Laoag was about two hours away from Vigan, and we checked into Fort Ilokandia hotel.
Kes paid for our room, and Ems and I were so tired from all the daytime excitement that we just ordered the Ilokano specialty bagnet from room service for dinner. We also ate some of the bibingka which was supposed to be our pasalubong. We couldn’t resist!
The next morning we had luxurious hot showers before changing and having a buffet breakfast at the hotel. We complained about the thick hard bacon and loved the cheese omelet. Kes ate all the watermelon pieces from our shared bowl of fruit salad.
We were back on the road in a while, and lucky for us, Les, who was behind the wheel, knew the place and we need not consult a map nor ask for directions from roadside strangers which would have been the case if Kes had been the one driving.
He took us first to the Malacañang of the North, the home of the Marcoses while they were in power in the 70’s.
I got quite a scare when I first stepped inside because some Korean guy inside resembled the late president and my heart did a flip because for a split second, I wondered if I had seen a ghost.

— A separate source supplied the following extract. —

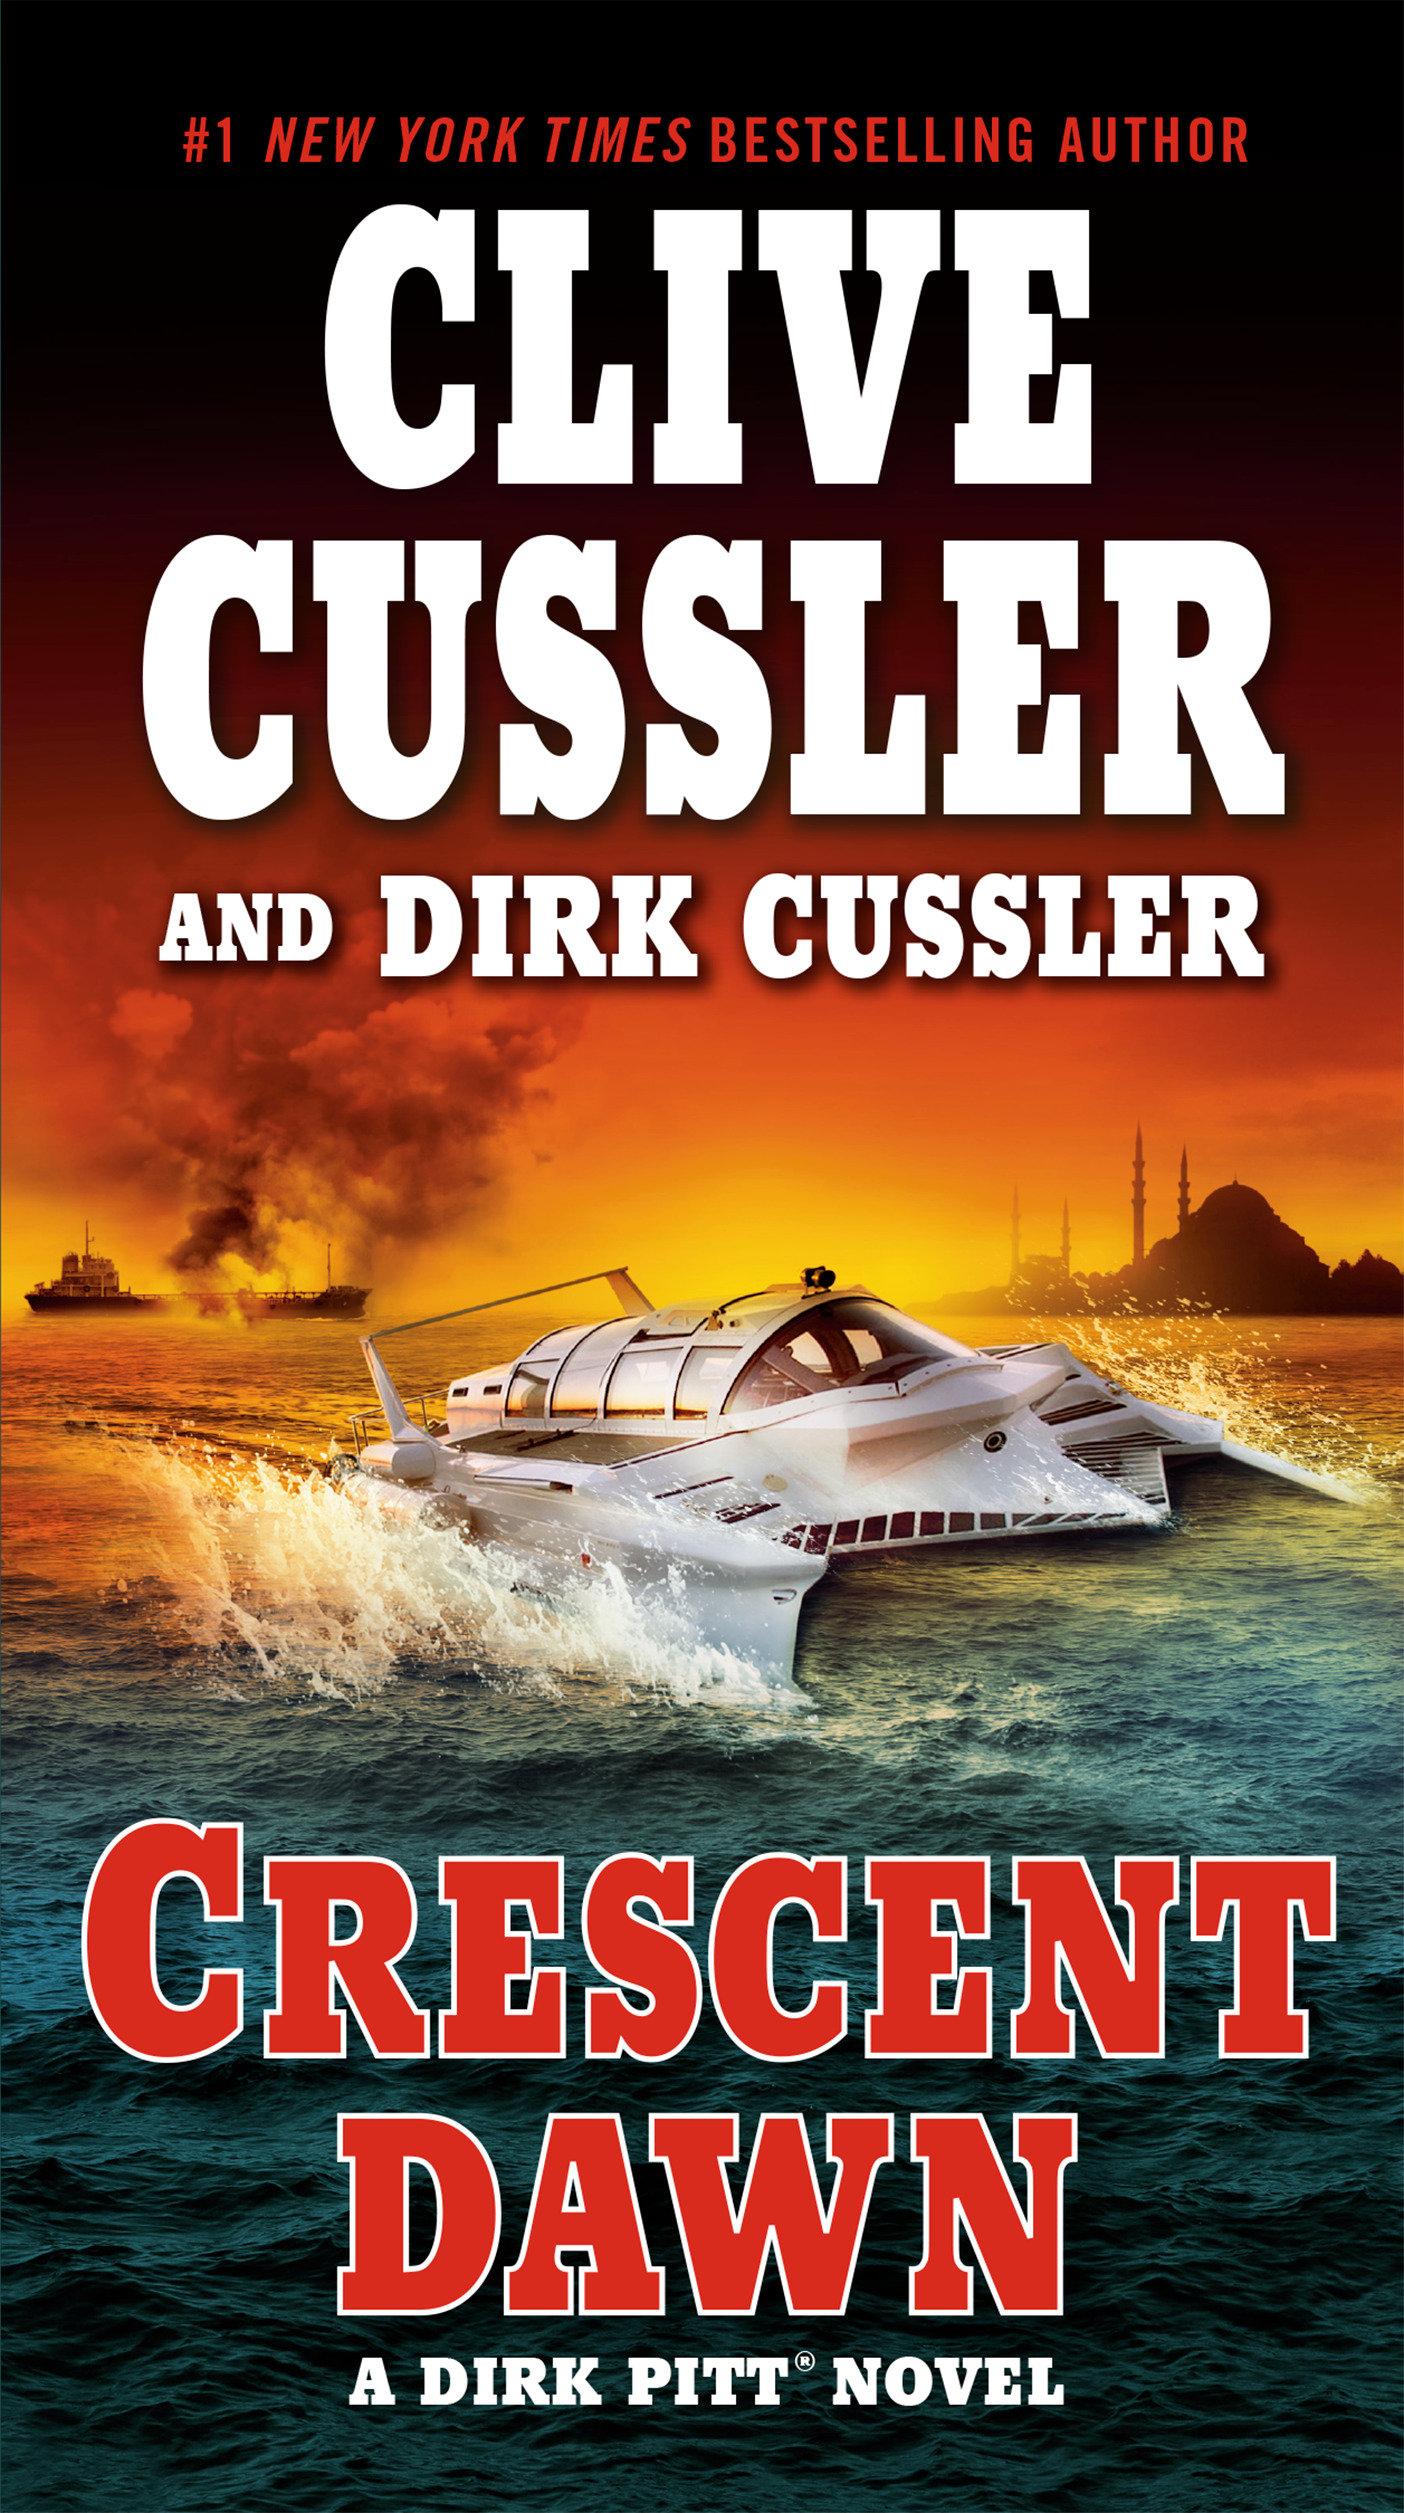 Crescent dawn cover image

The rooms and beds were really huge, especially Imelda’s (the first lady). When we sat on the bed to have our picture taken (Les had taken over Minggoy’s role as tour guide-slash-photographer), some Koreans also photographed us.
When we asked Les to join us and if they could take our picture, the Korean guy complimented Les, saying, “Such a handsome boy!”
Lesli’s reply? “You too.”
We girls bit our lips to keep from laughing out loud. Why couldn’t he have just said thank you?
We toured the entire house and when we were out on the balcony, the Korean was there again, taking our picture.
Before we left the place, we had some coconut juice fresh out of the shell and we felt the eyes of two buses full of Koreans on us. They probably found amusing the sight of tourists in their own land.
Our next stop was the Paoay Church, where the breeze was so strong that Kes and Ems had a hard time controlling their long hair for our pictorials. This is one moment I’m glad that my hair is so short and manageable.
Next in line was the sinking bell tower, which was not as remarkable as the one in Vigan.
Then we stopped by the Marcos mausoleum, where the preserved body of President Marcos was encased in glass. The room was very dark, with strains of creepy music playing, that we felt the hairs at the back of our neck stand as we looked at him in eternal repose. My imagination was running wild, I felt as though he could stand up at any moment, so I was quick to get out of there.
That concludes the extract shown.